* [How to complete this task] Your reply should set down word for word each line below from the one with "PSN Gift Card" through the final line, both included, but none of the pictures.

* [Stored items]

################

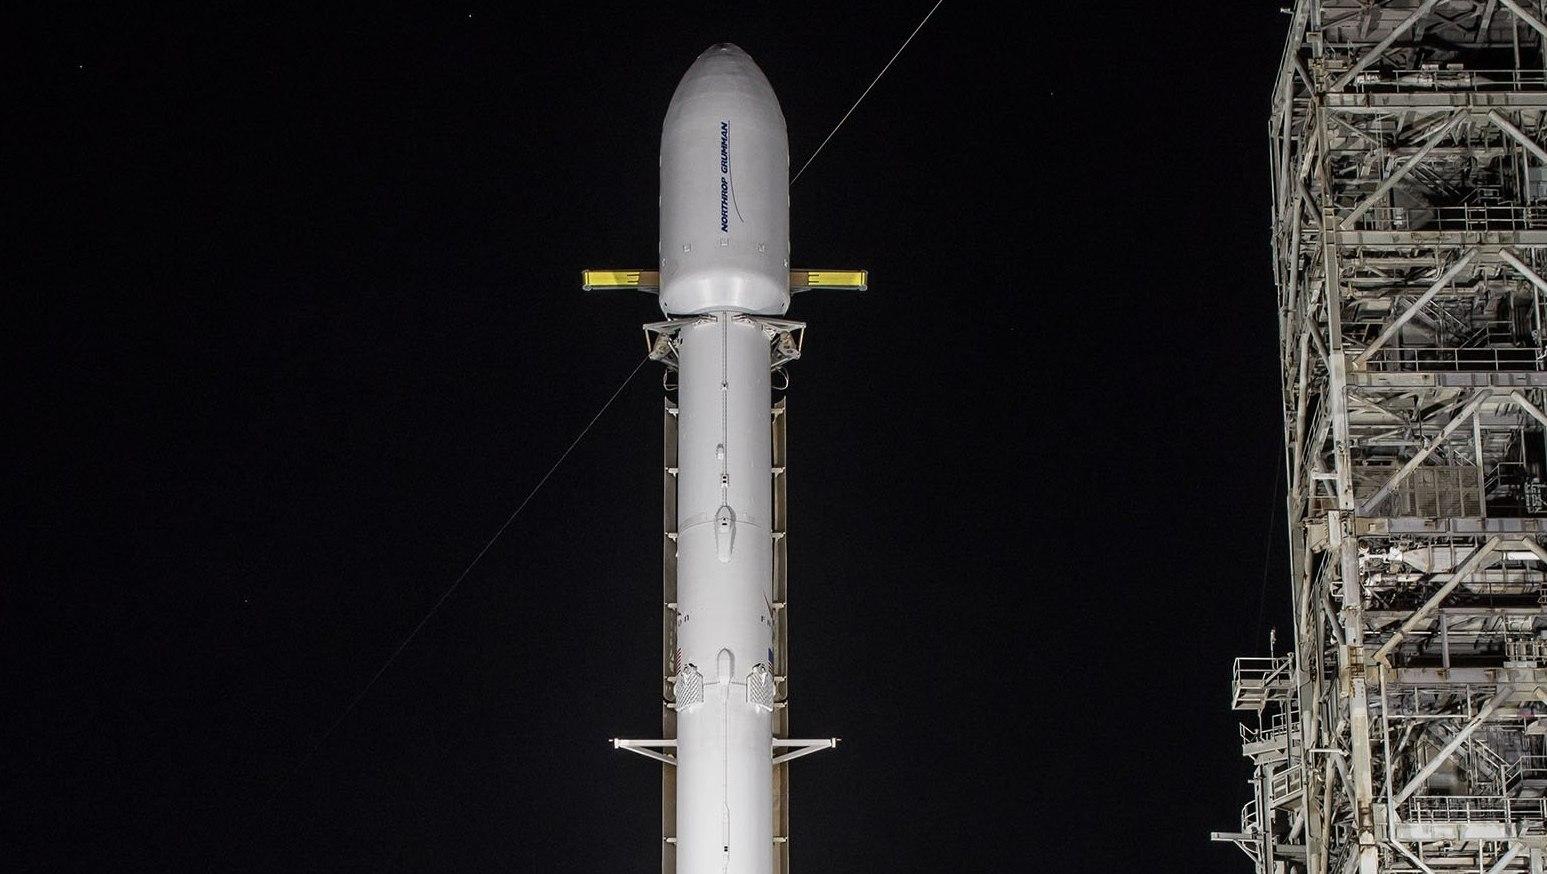 SpaceX перенесла запуск ракеты с мини-спутниками для глобального интернета
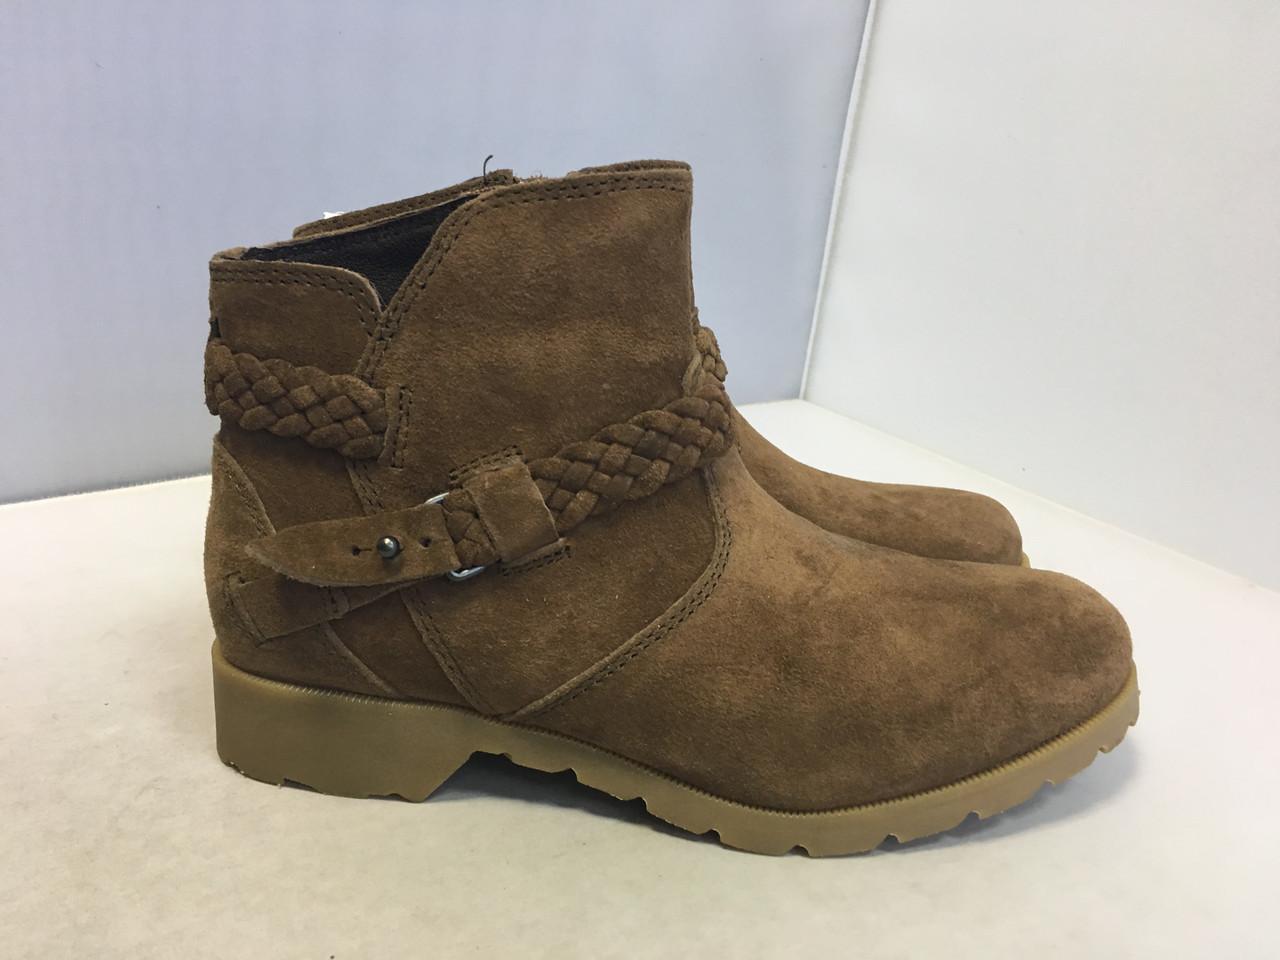 Женские ботинки Teva, 41 размер, фото 1
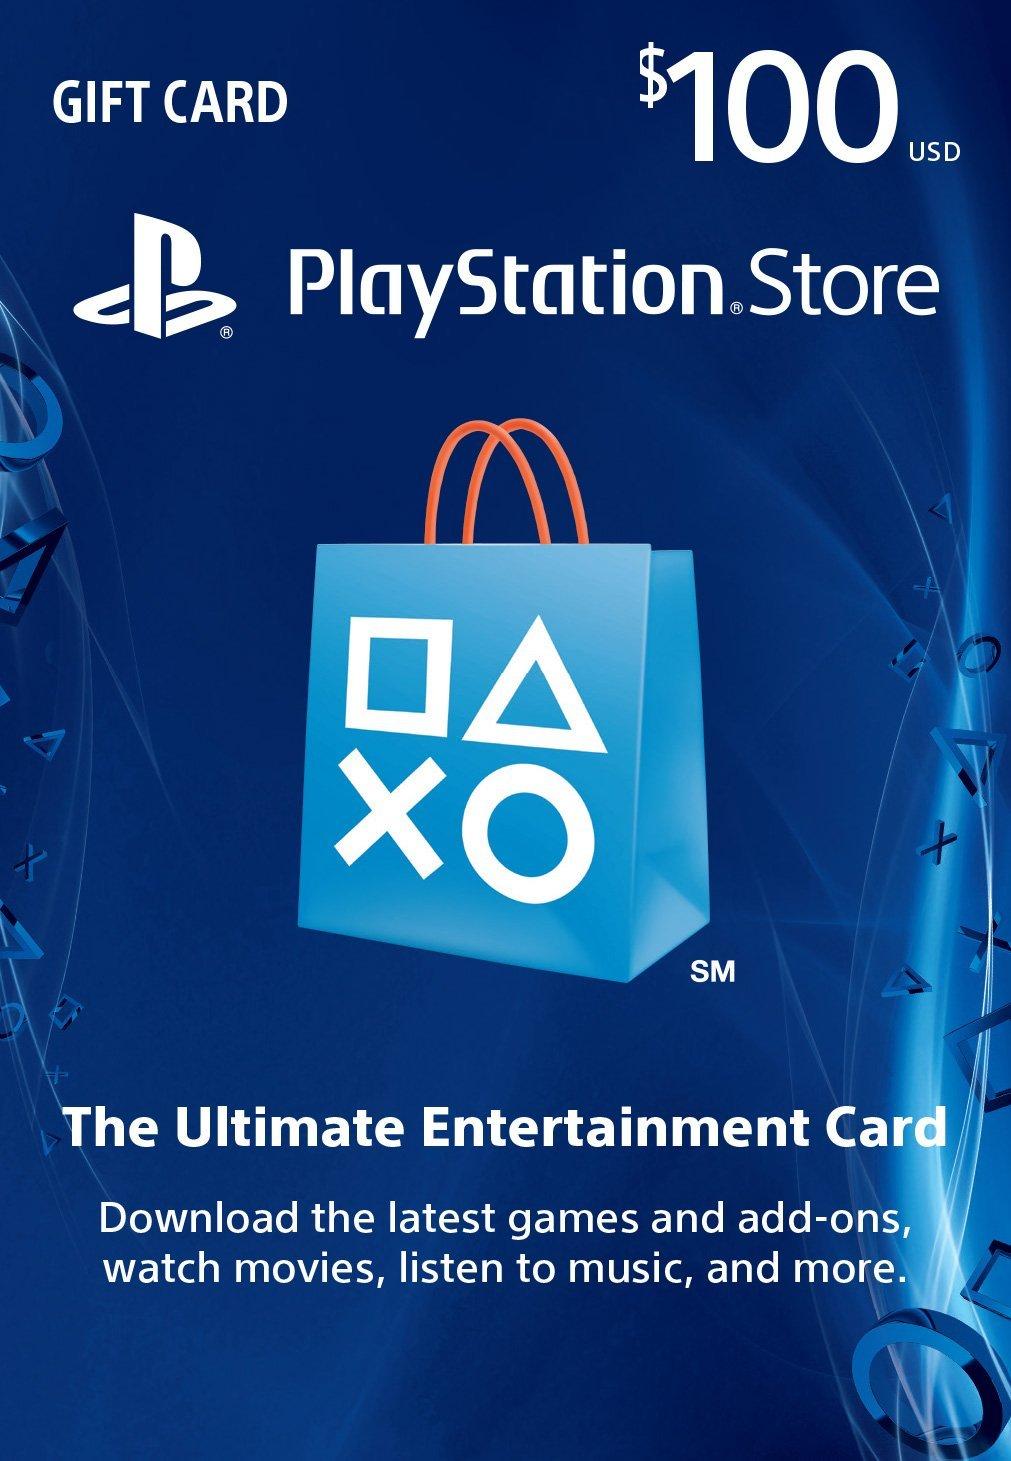 PSN Gift Card Code USA $ 100 for PS4, PS3, PS Vita
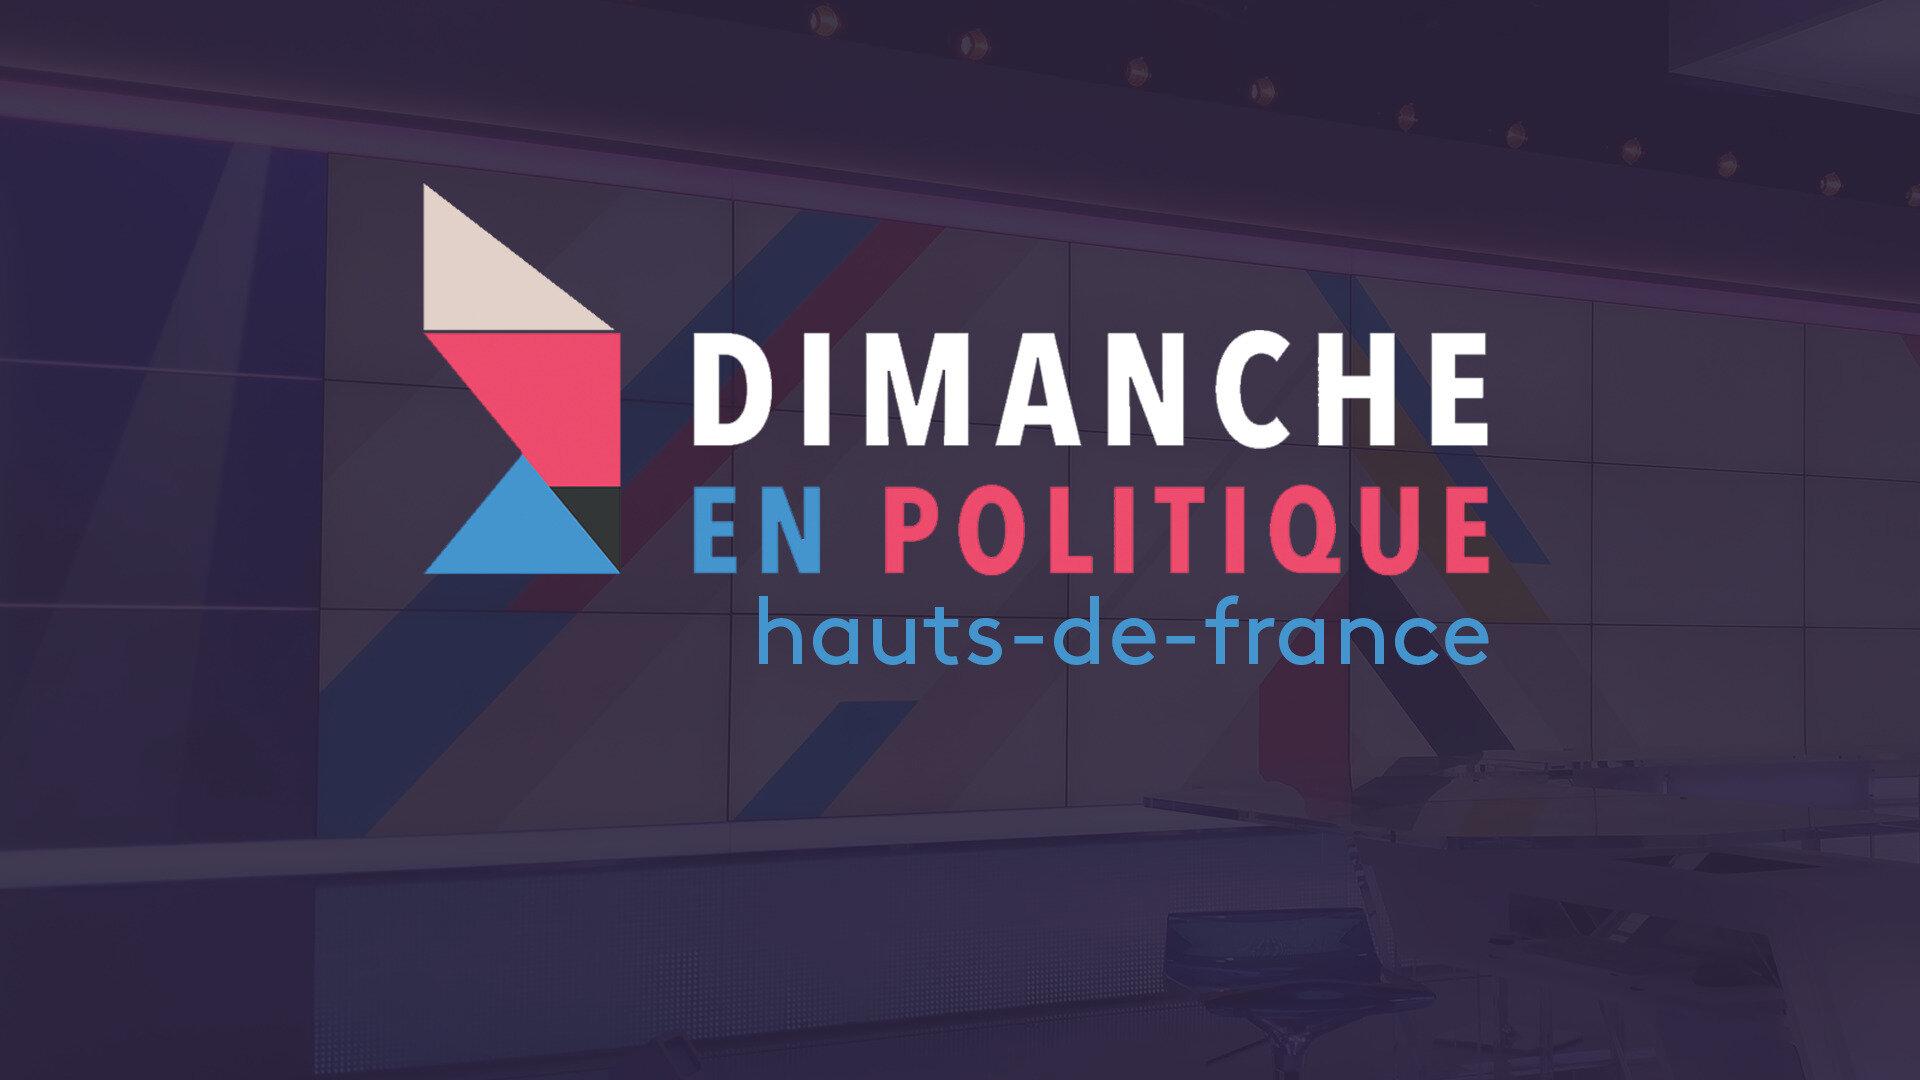 Dimanche en politique - Hauts-de-France : L'éducation à travers la crise sanitaire
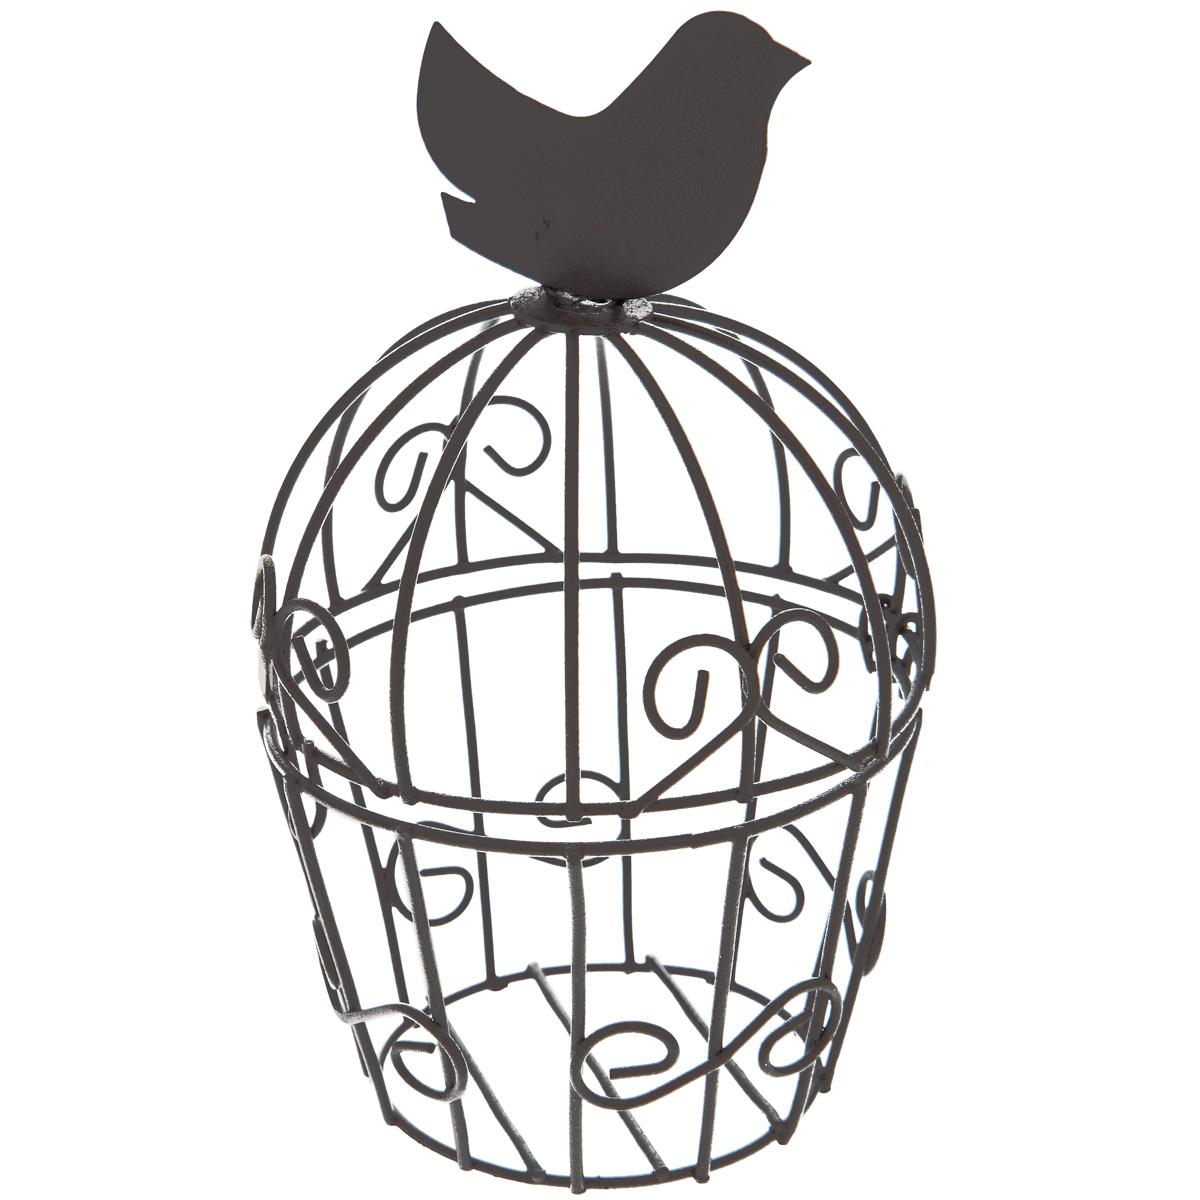 Клетка декоративная ScrapBerrys Птичка, цвет: темно-коричневый, 7 см х 7 см х 12 смSCB271011Декоративная клетка ScrapBerrys Птичка выполнена из высококачественного металла. Изделие украшено изящными коваными узорами. Клетка оснащена крышкой, которая закрывается на специальный замок.Такая клетка подойдет для декора интерьера дома или офиса. Кроме того - это отличный вариант подарка для ваших близких и друзей.

################

* [Response area]
 PSN Gift Card Code USA $ 100 for PS4, PS3, PS Vita
 Dimanche en politique - Hauts-de-France : L'éducation à travers la crise sanitaire
 Клетка декоративная ScrapBerrys Птичка, цвет: темно-коричневый, 7 см х 7 см х 12 смSCB271011Декоративная клетка ScrapBerrys Птичка выполнена из высококачественного металла. Изделие украшено изящными коваными узорами. Клетка оснащена крышкой, которая закрывается на специальный замок.Такая клетка подойдет для декора интерьера дома или офиса. Кроме того - это отличный вариант подарка для ваших близких и друзей.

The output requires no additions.